To explore the trend dynamics, I used the moving average of 5th, 9th, and 13th order to display the trend. While the 5th and 9th order of MA is responsive and capture the short term fluctuation, the 13th order provides a much smoother curve that highlights the longer0term trends and structural changes. We can see that housing sale came back up from 2011, after the 2008 financial crisis, then during the post-Covid period, due to the interest rates spiking, we see a downward trend in sales.

Code
df3 <- df3 %>%
  mutate(remainder_13 = zillow_sales - ma_13)

# Plot the remainder series
ggplot(df3, aes(x = date, y = remainder_13)) +
  geom_line(color = "firebrick", size = 1, na.rm = TRUE) +
  labs(title = "Remainder Series: Zillow Sales - 13th-Order Moving Average",
       x = "Date", y = "Residual (Sales - MA_13)") +
  theme_minimal()

The remainder represents the short-term irregular variation after removing the smoothed trend captured by the 13th order moving average. We can see there are peaks and troughs, roughly once per year, which may indicate some strong seasonality. The mean is basically around zero, which confirmed that the moving average removed the long term level.

Code
library(forecast)
library(tsibble)
library(feasts)
library(fabletools)

# Step 1: Convert to tsibble and fill gaps
ts_data <- ts(df$zillow_sales, start = c(2008, 2), frequency = 12)

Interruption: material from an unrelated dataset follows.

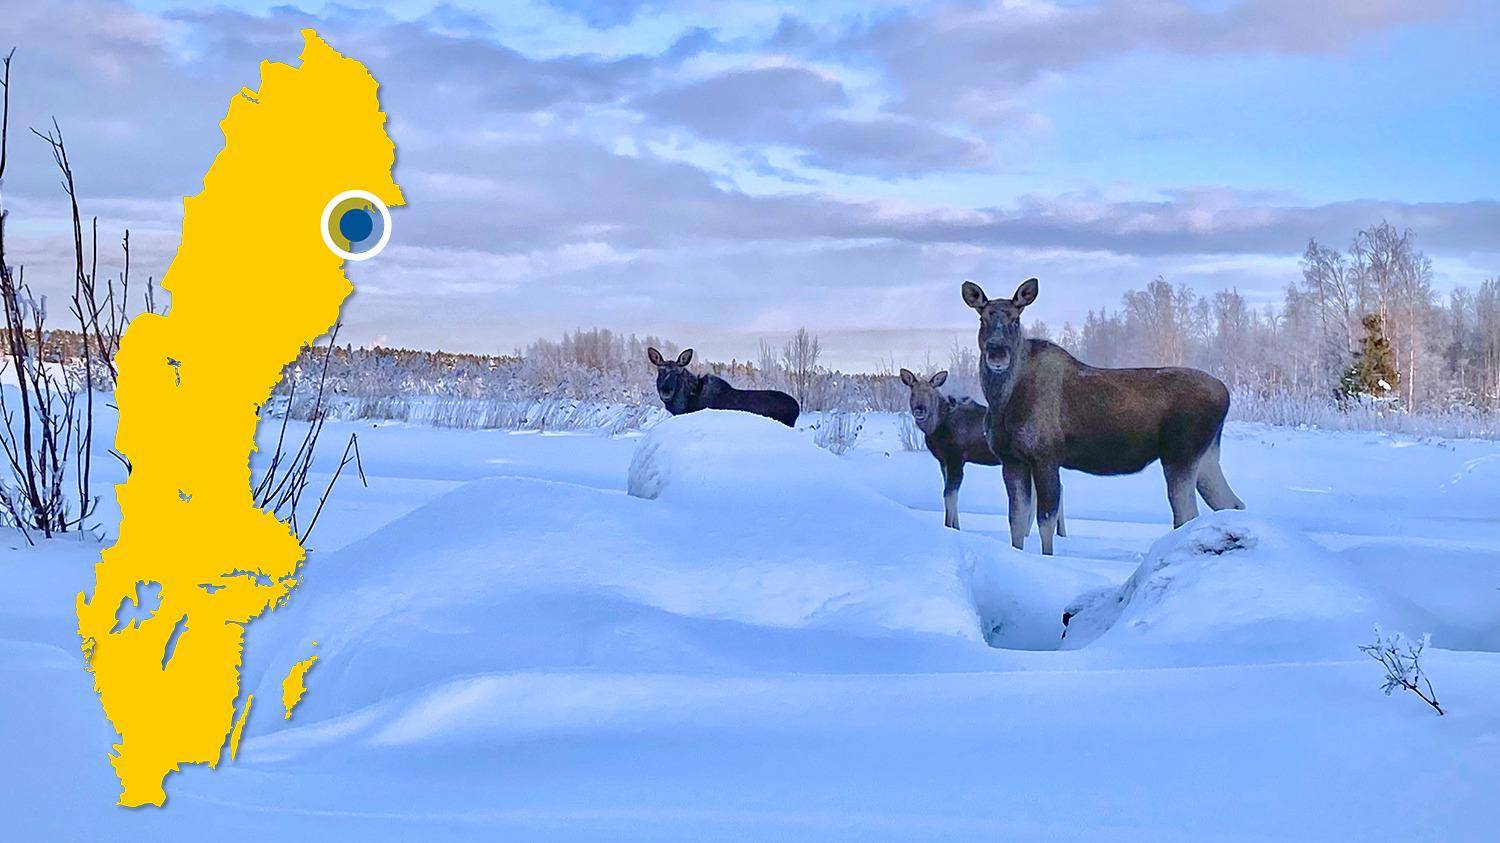 Three moose are standing in a snow-covered landscape. There is a yellow map of Sweden with a blue dot that marks Kallax.

# STL decomposition using seasonal window = "periodic" (assumes stable seasonality)
stl_result <- stl(ts_data, s.window = "periodic")

# Plot STL decomposition
autoplot(stl_result) +
  labs(title = "STL Decomposition of Zillow Monthly Home Sales") +
  theme_minimal()

Based on the STL decomposition graph, we can see that the seasonal component is visible and strong. Repeating consistently year over year. Sales are high during late Spring and Summer months while low during the winter months.

Section 4

Forcast using Naive

Code
library(tsibble)
library(fable)
library(feasts)
library(tidyverse)
library(lubridate)

library(tsibble)
library(fable)
library(feasts)
library(tidyverse)
library(lubridate)

# Step 1: Format to monthly tsibble
zillow_ts <- df %>%
  mutate(month = yearmonth(date)) %>%
  group_by(month) %>%
  summarise(zillow_sales = sum(zillow_sales, na.rm = TRUE), .groups = 'drop') %>%
  as_tsibble(index = month)

# Step 2: Fit naive models
naive_models <- zillow_ts %>%
  model(
    naive = NAIVE(zillow_sales),
    seasonal_naive = SNAIVE(zillow_sales),
    drift_naive = NAIVE(zillow_sales ~ drift())
  )

# Step 3: Forecast 6 months ahead
zillow_fc <- naive_models %>%
  forecast(h = "6 months")

# Step 4: Plot
autoplot(zillow_fc, zillow_ts) +
  labs(title = "6-Month Naive Forecasts for Zillow Monthly Home Sales",
       x = "Date", y = "Sales Count") +
  theme_minimal()

Looking at the three forcasts, both naive and drift naive shows a flat value prediction for the next 6 months, where the seasonal_naive predicts a downward and the upward trend. In this case, the seasonal naive captures the value from the same month last year, and due to the data has strong seasonality, it seams to be more appropriate to use the seasonal naive model to conduct the forcast.